Kenyan President Uhuru Kenyatta on
Sunday told CNN that Africans have more pressing issues to deal with
than LGBT rights.
On his recent trip to Kenya, President
Barack Obama talked about such rights in a joint press conference
with Kenyatta.
“As an African-American in the United
States, I am painfully aware of the history of what happens when
people are treated differently under the law,” Obama said at the
time.
“I've been consistent all across
Africa on this. I believe in the principle of treating people
equally under the law. The state should not discriminate against
people based on their sexual orientation,” he added.
In speaking with CNN, Kenyatta said
that to Kenyans gay rights “is not an issue.”
“Let me make it clear to you, I'll
put it this way. All right? Think first and foremost we're all saying
that whatever society you come from, the principal aim is that you
must give the people, you know, their right to choose.

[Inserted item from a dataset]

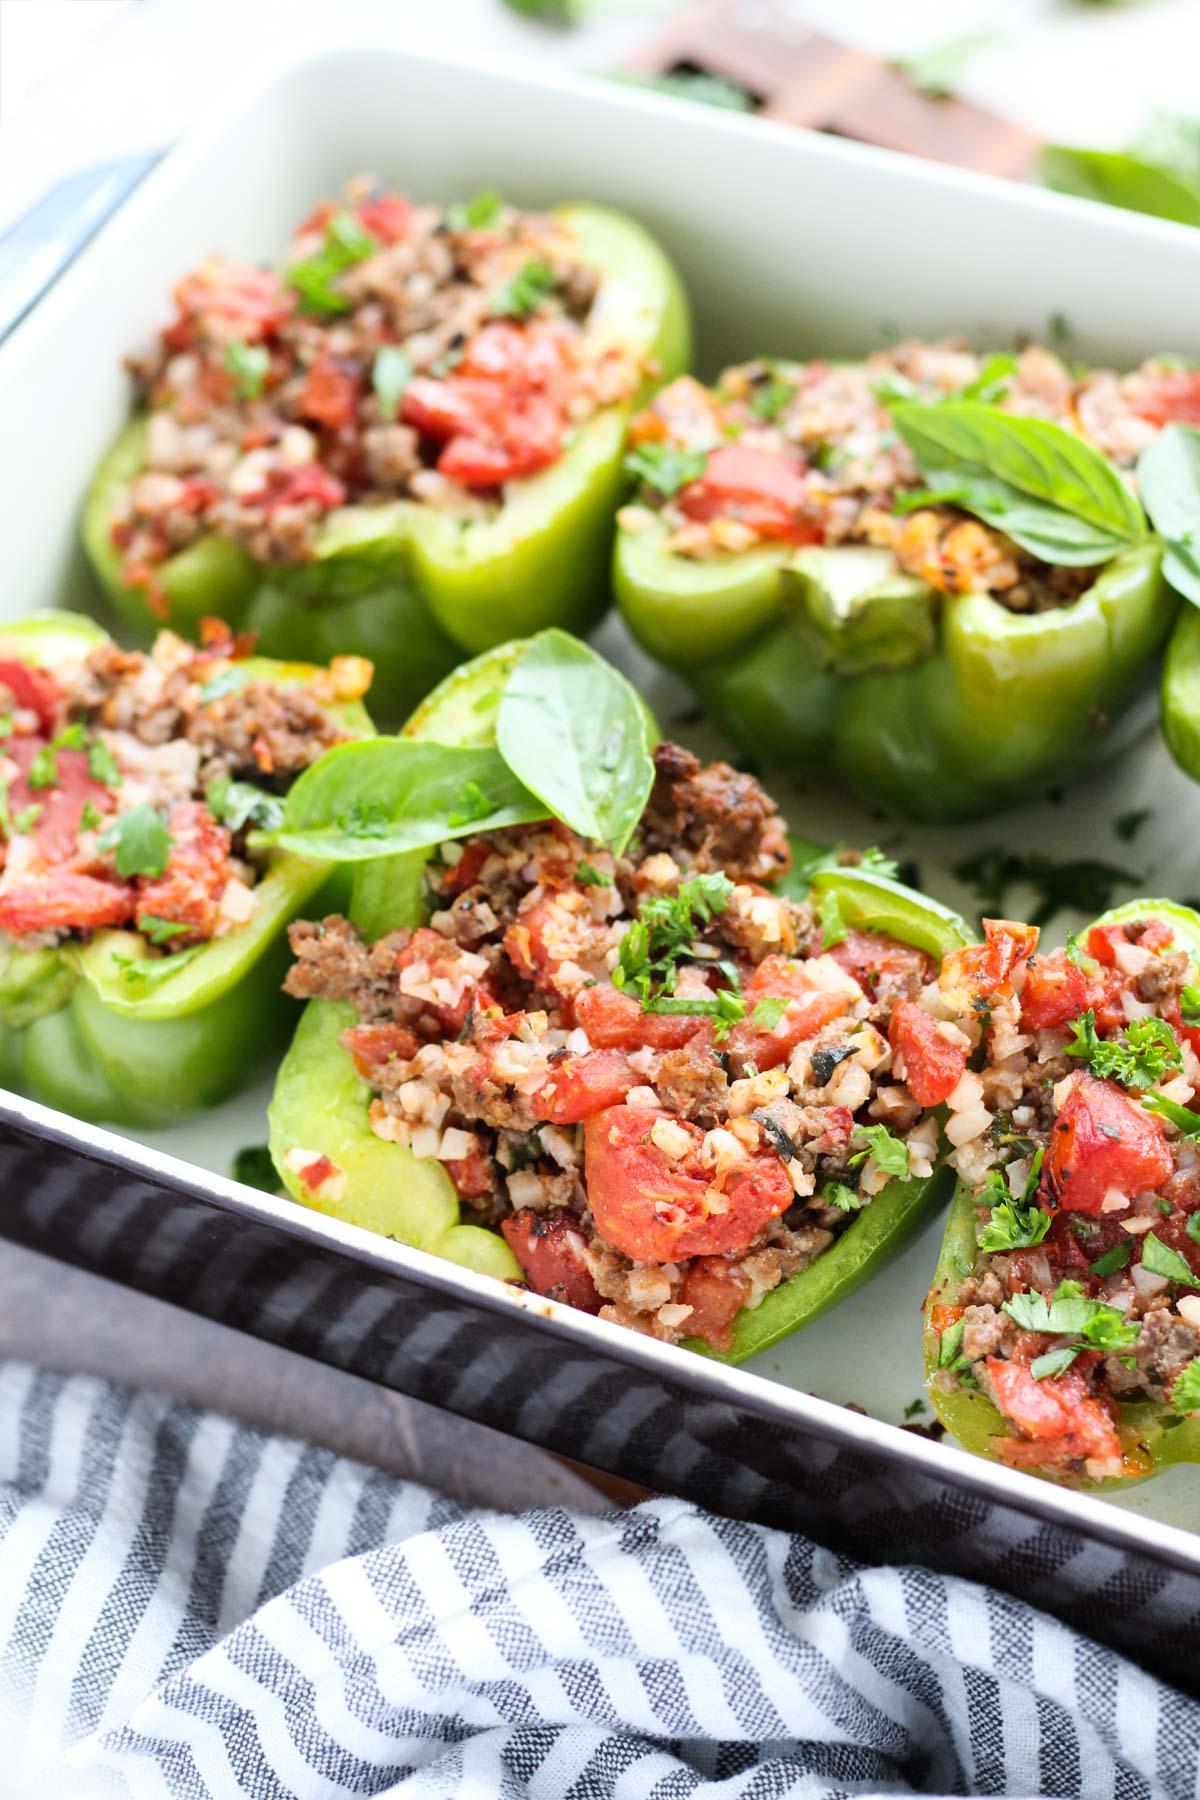 Stuffed peppers in a casserole dish.
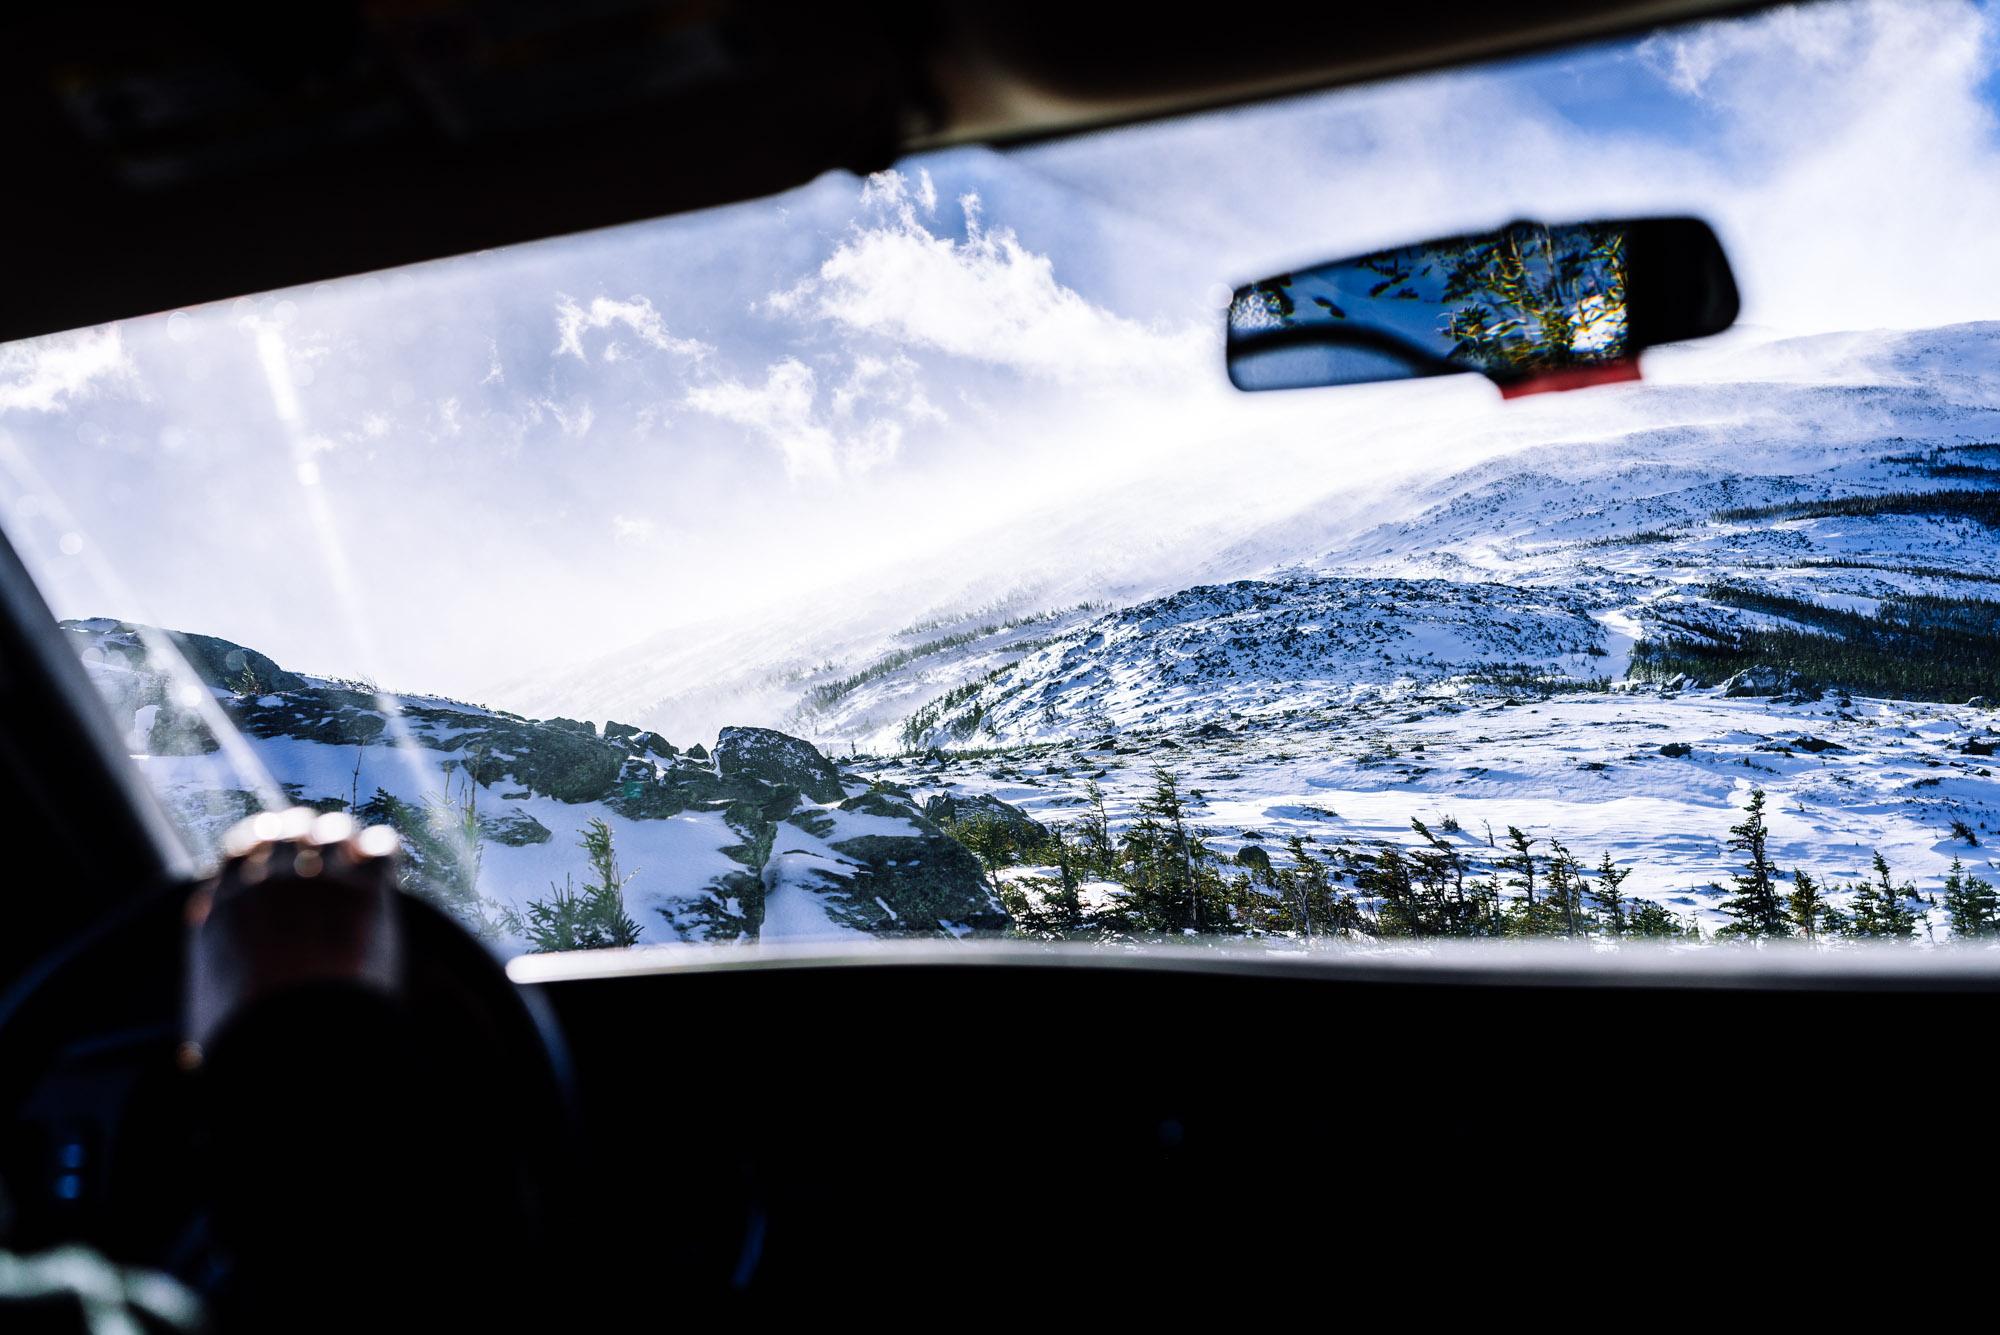 jeffontheroad-travel-new-hampshire-mount-washington-snowcoach-5.JPG

Now, where we
are, and on the level of development that we are at, I am not saying
that these people don't have their rights. That’s not what I’m
saying. I am just saying that the majority, the majority in our
society do not wish to legalize this issue of gay rights,” Kenyatta
said on CNN's Fareed
Zakaria GPS.
“People in Kenya are not at this
point entitled. And that’s exactly what I said when we were with
President Obama. To them this is not an issue. That they are going to
put at the center. They have more pressing issues. However, that said
I am also and will not allow people to persecute any individuals or
to beat them or to torture them.”
“But what we're saying is that as a
society we do not accept some of these values. And this is where I'm
saying we've got to get synergies. You're not going to create the
United States of America or Great Britain or the Netherlands in Kenya
or in Nigeria or in Senegal or overnight. And we were to understand
that these are processes and they'll take time,” he added.